FEATURE: Initial implementation of direct S3 uploads with uppy and stubs #13787

martin-brennan · 2021-07-20T00:08:03Z

This PR adds a few different things to allow for direct S3 uploads using uppy. These changes are still not the default. There are hidden enable_experimental_image_uploader and enable_direct_s3_uploads settings that must be turned on for any of this code to be used, and even if they are turned on only the User Card Background for the user profile actually uses uppy-image-uploader. If you want to test this turn both those settings on and go to http://localhost:3000/u/me/preferences/profile

A new ExternalUploadStub model and database table is introduced in this pull request. This is used to keep track of uploads that are uploaded to a temporary location in S3 with the direct to S3 code, and they are eventually deleted a) when the direct upload is completed and b) after a certain time period of not being used.

Starting a direct S3 upload

When an S3 direct upload is initiated with uppy, we first request a presigned PUT URL from the new generate-presigned-put endpoint in UploadsController. This generates an S3 key in the temp folder inside the correct bucket path, along with any metadata from the clientside (e.g. the SHA1 checksum described below).
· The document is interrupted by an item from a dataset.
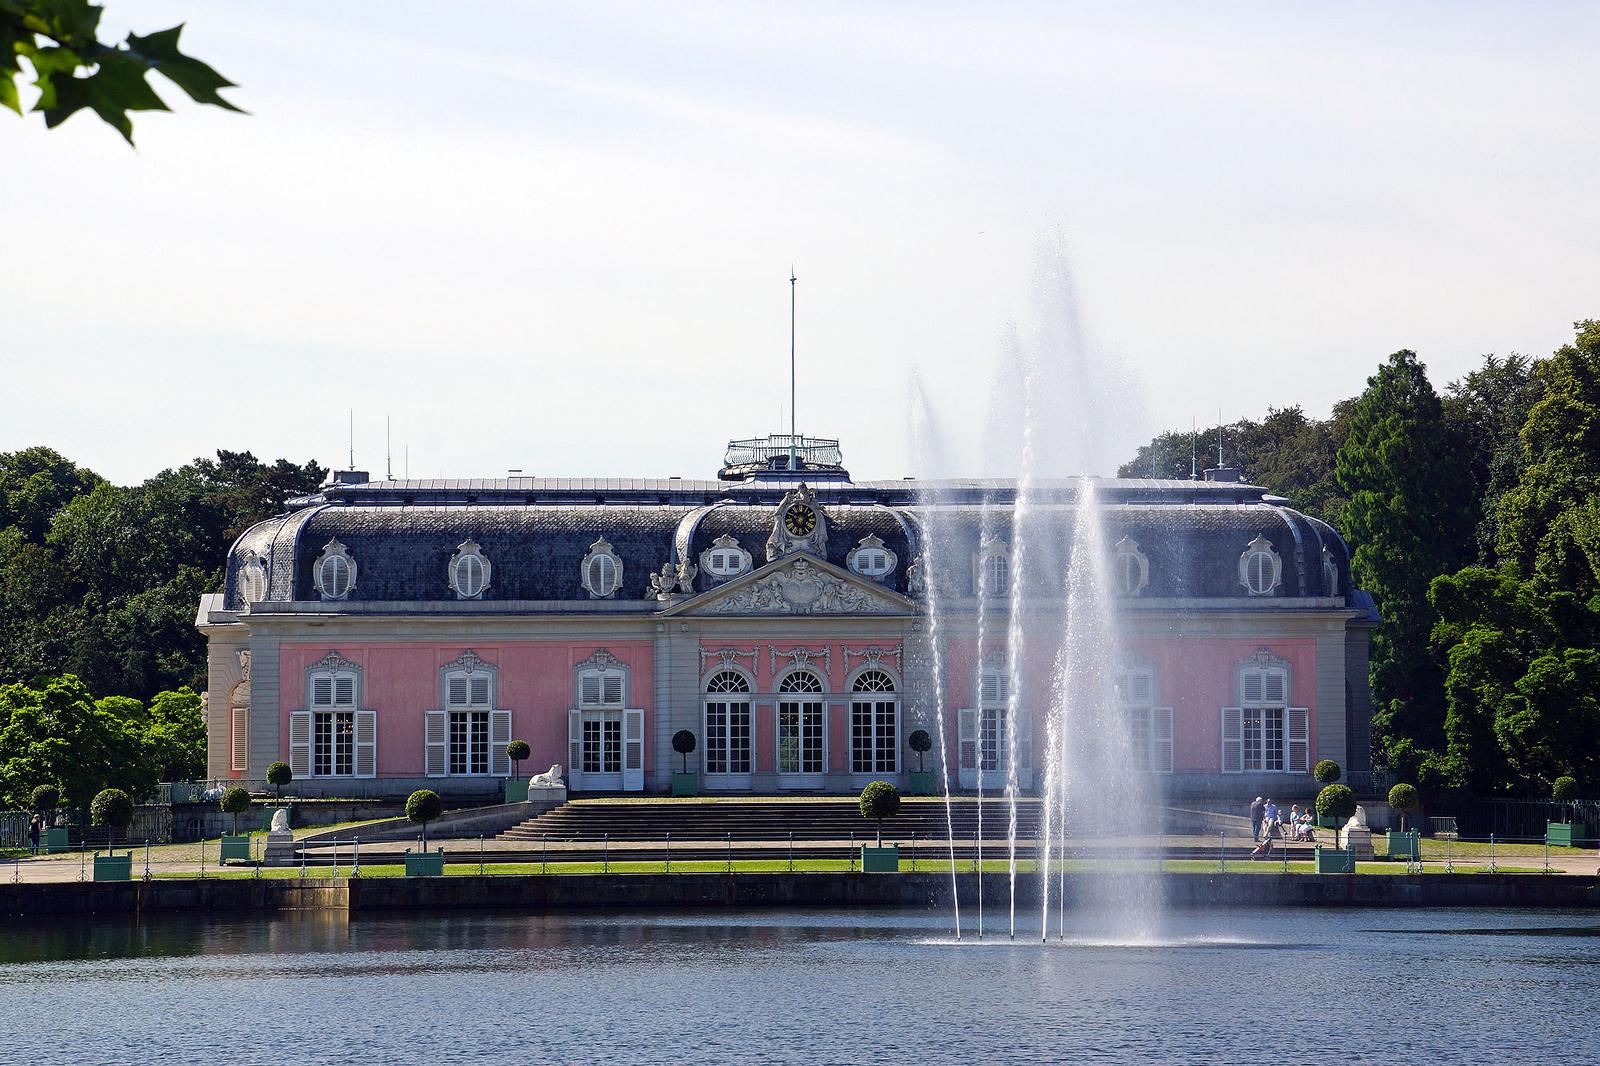 Галерея: Интересные места Германии: дворец Бенрат рис 3
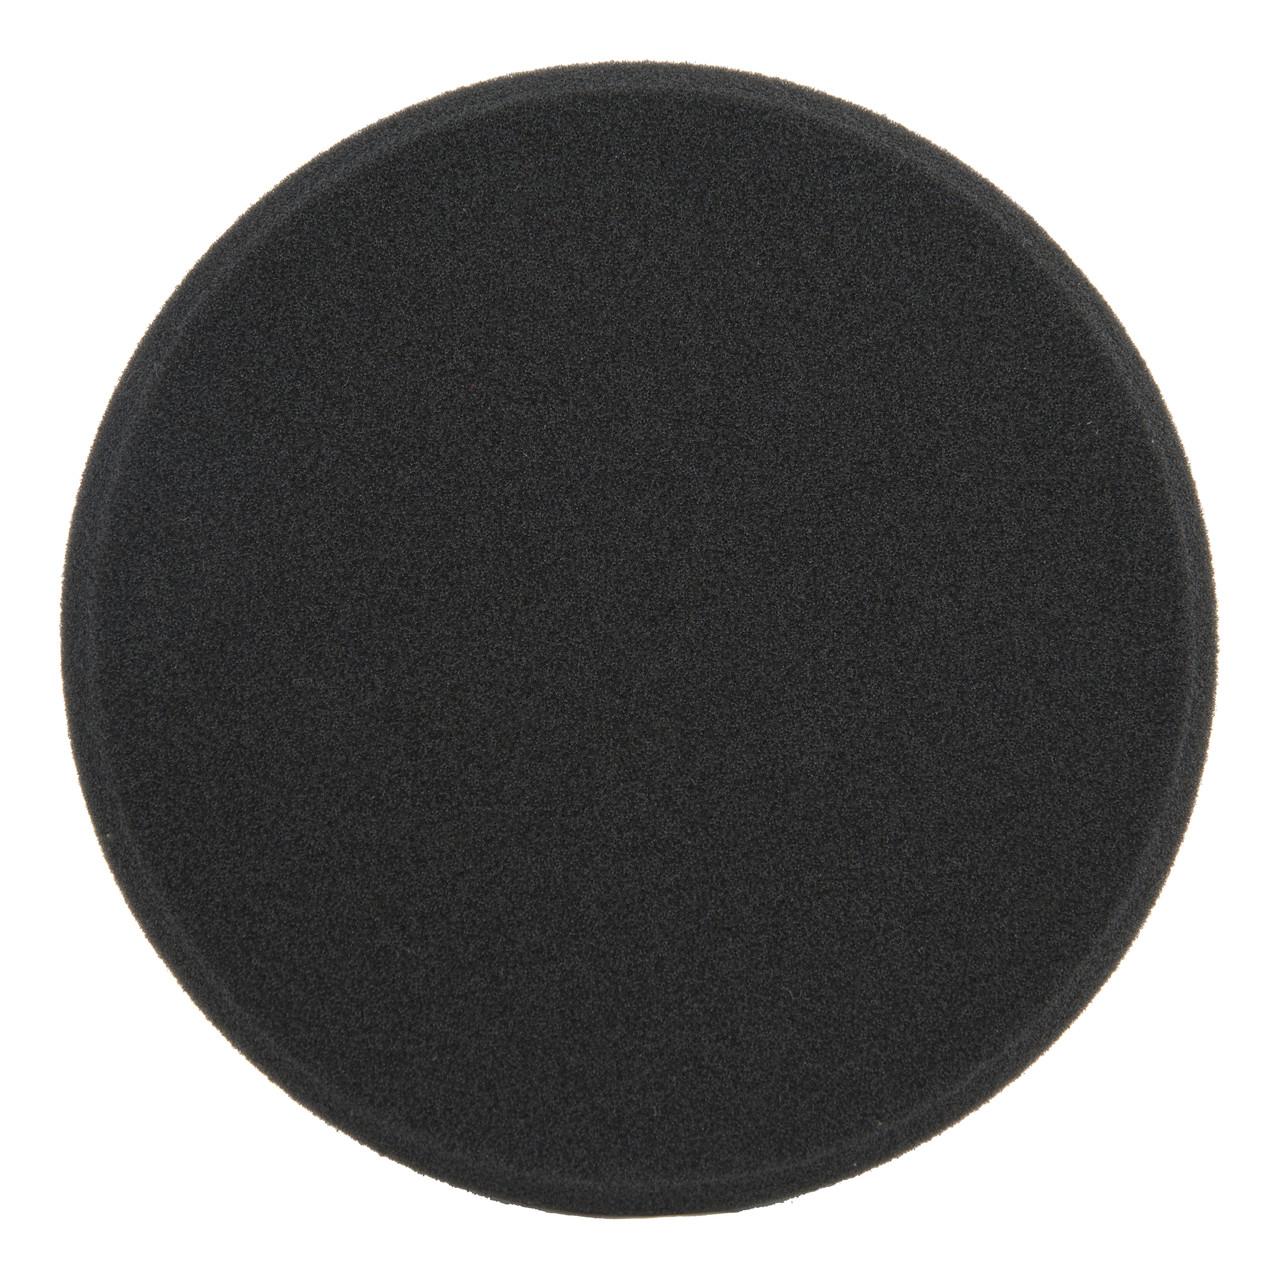 Полировальный круг мягкий - Meguiar's DA Soft Buff Foam Finishing Pad 150 мм. черный (DFF6)

This will also create an ExternalUploadStub and store the details of the temp object key and the file being uploaded.

Once the clientside has this URL, uppy will upload the file direct to S3 using the presigned URL. Once the upload is complete we go to the next stage.

Completing a direct S3 upload

Once the upload to S3 is done we call the new complete-external-upload route with the unique identifier of the ExternalUploadStub created earlier. Only the user who made the stub can complete the external upload. One of two paths is followed via the ExternalUploadManager.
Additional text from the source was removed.